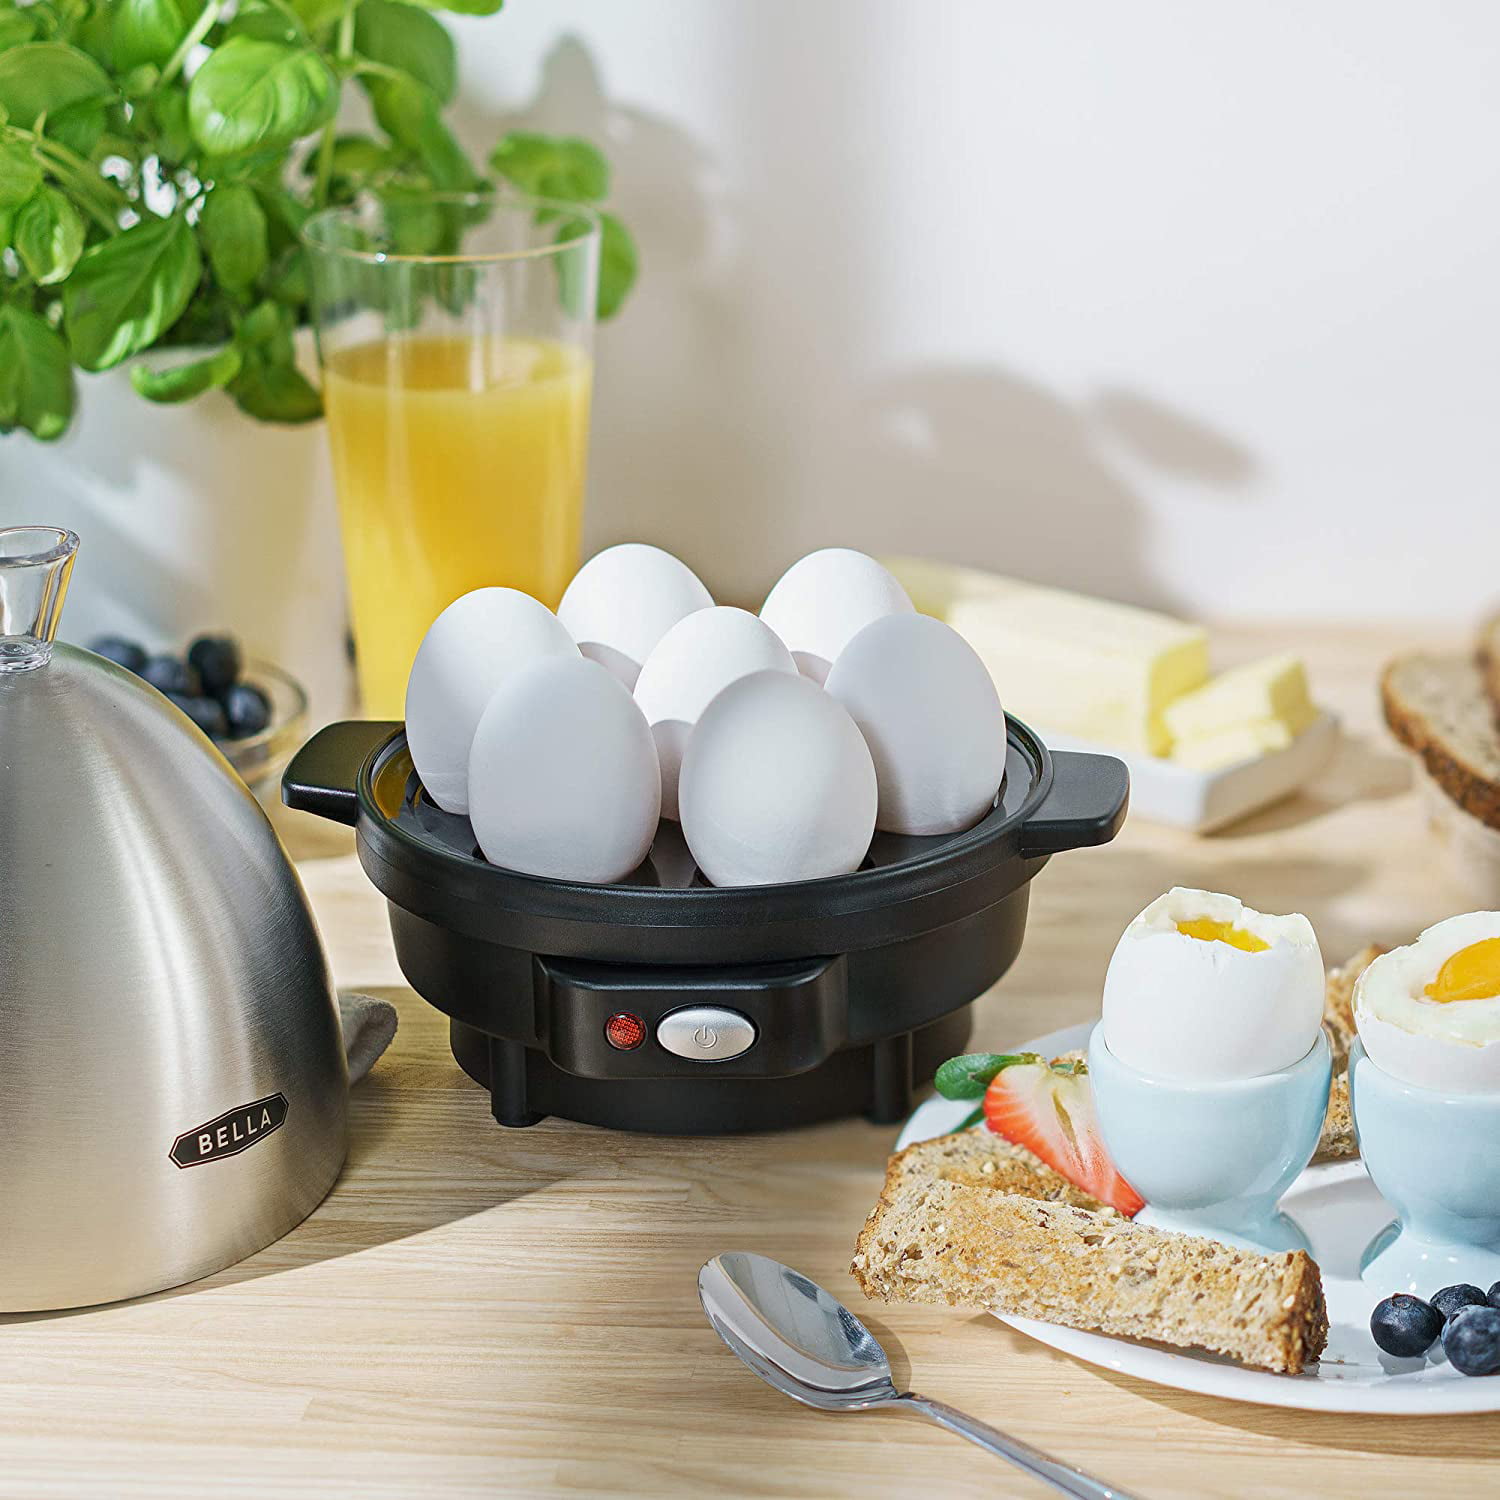  BELLA Rapid Electric Egg Cooker and Poacher with Auto Shut Off  for Omelet, Soft, Medium and Hard Boiled Eggs - 7 Egg Capacity Tray, Single  Stack, White: Home & Kitchen
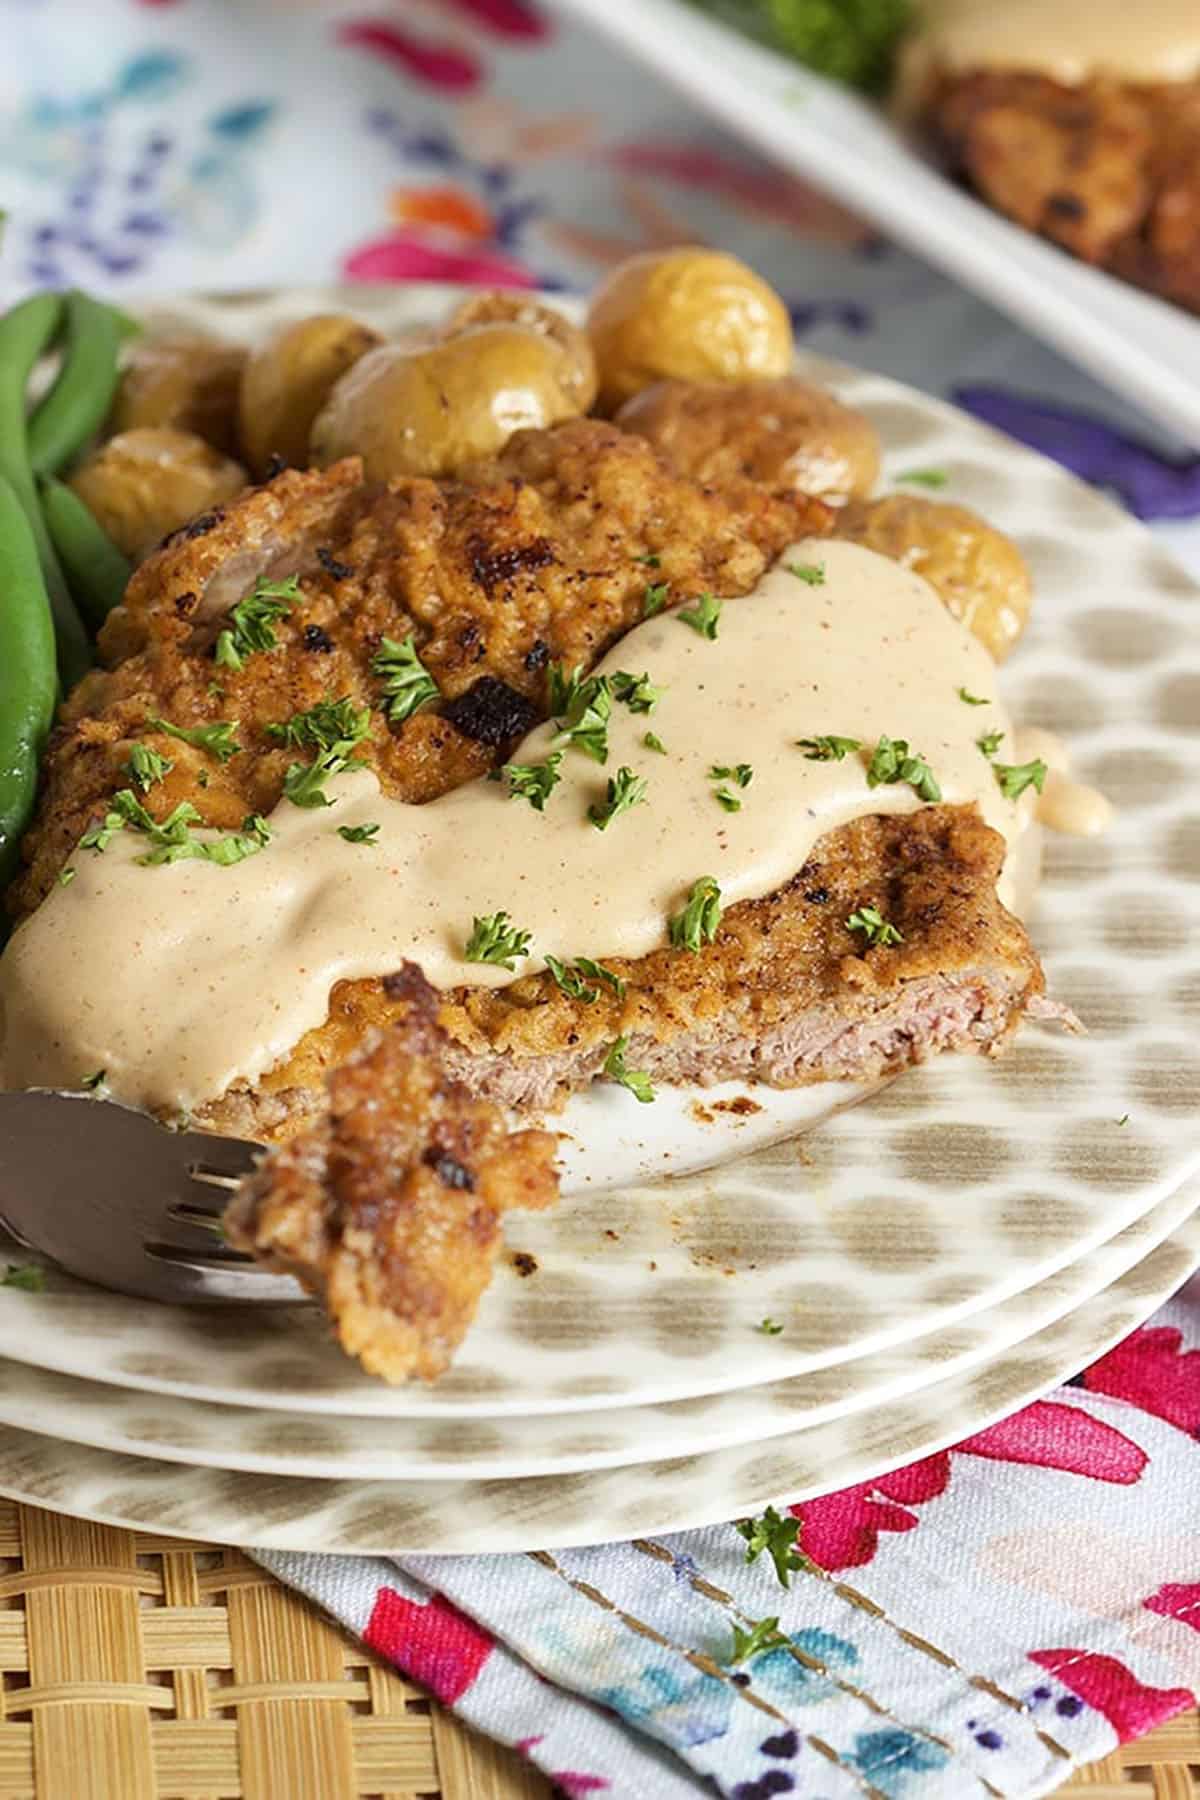 Chicken fried steak with a bite on a fork.
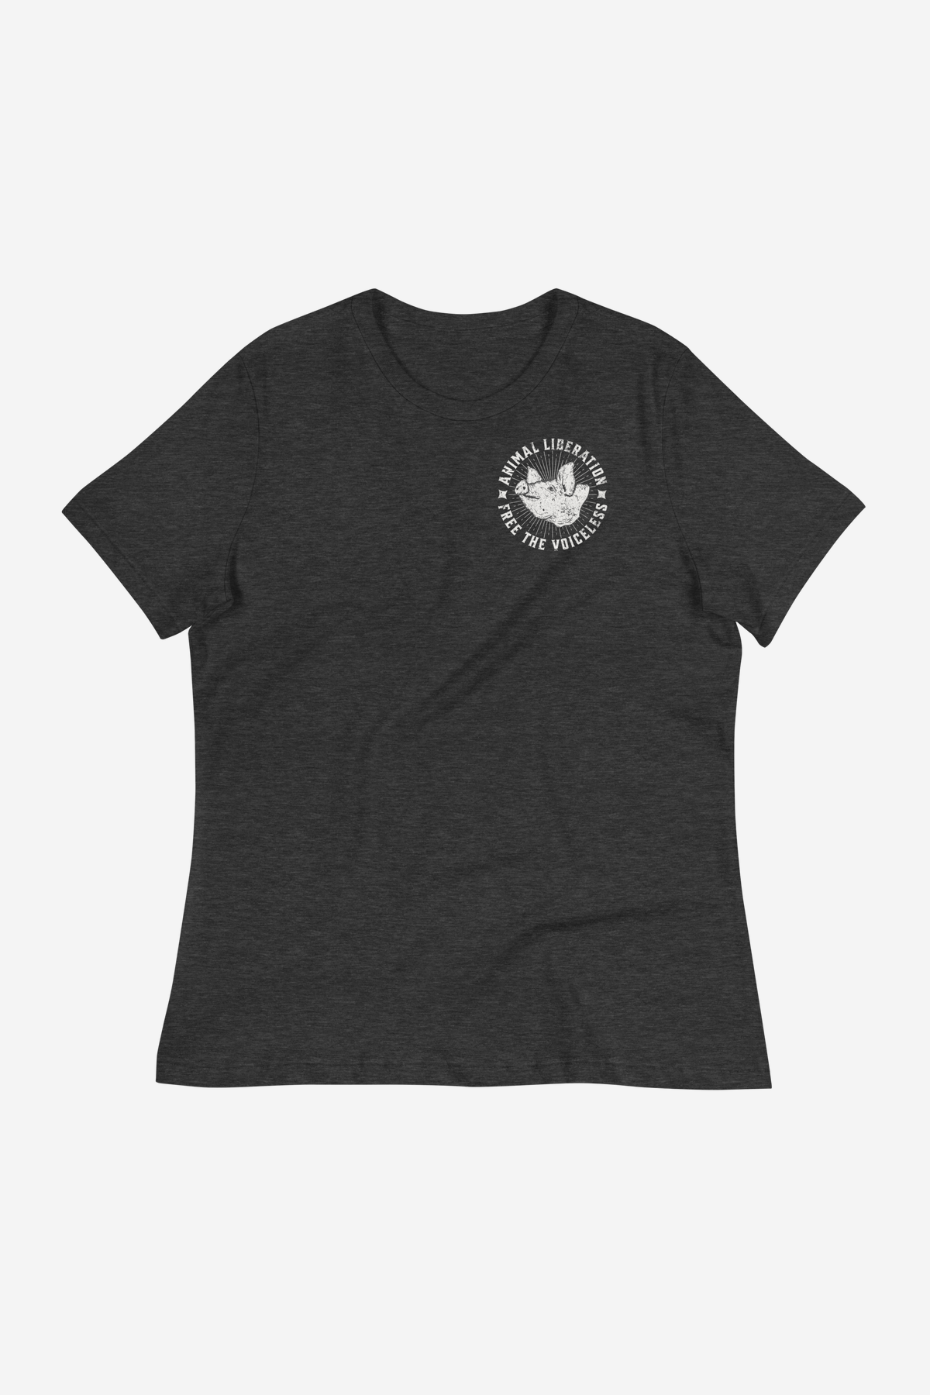 Free The Voiceless Women's Relaxed T-Shirt

▶ _Problem requirements_:
Set the material down exactly, images excluded.

▶ _Your response_:
  BELLA Rapid Electric Egg Cooker and Poacher with Auto Shut Off  for Omelet, Soft, Medium and Hard Boiled Eggs - 7 Egg Capacity Tray, Single  Stack, White: Home & Kitchen
 Chicken fried steak with a bite on a fork.
 Free The Voiceless Women's Relaxed T-Shirt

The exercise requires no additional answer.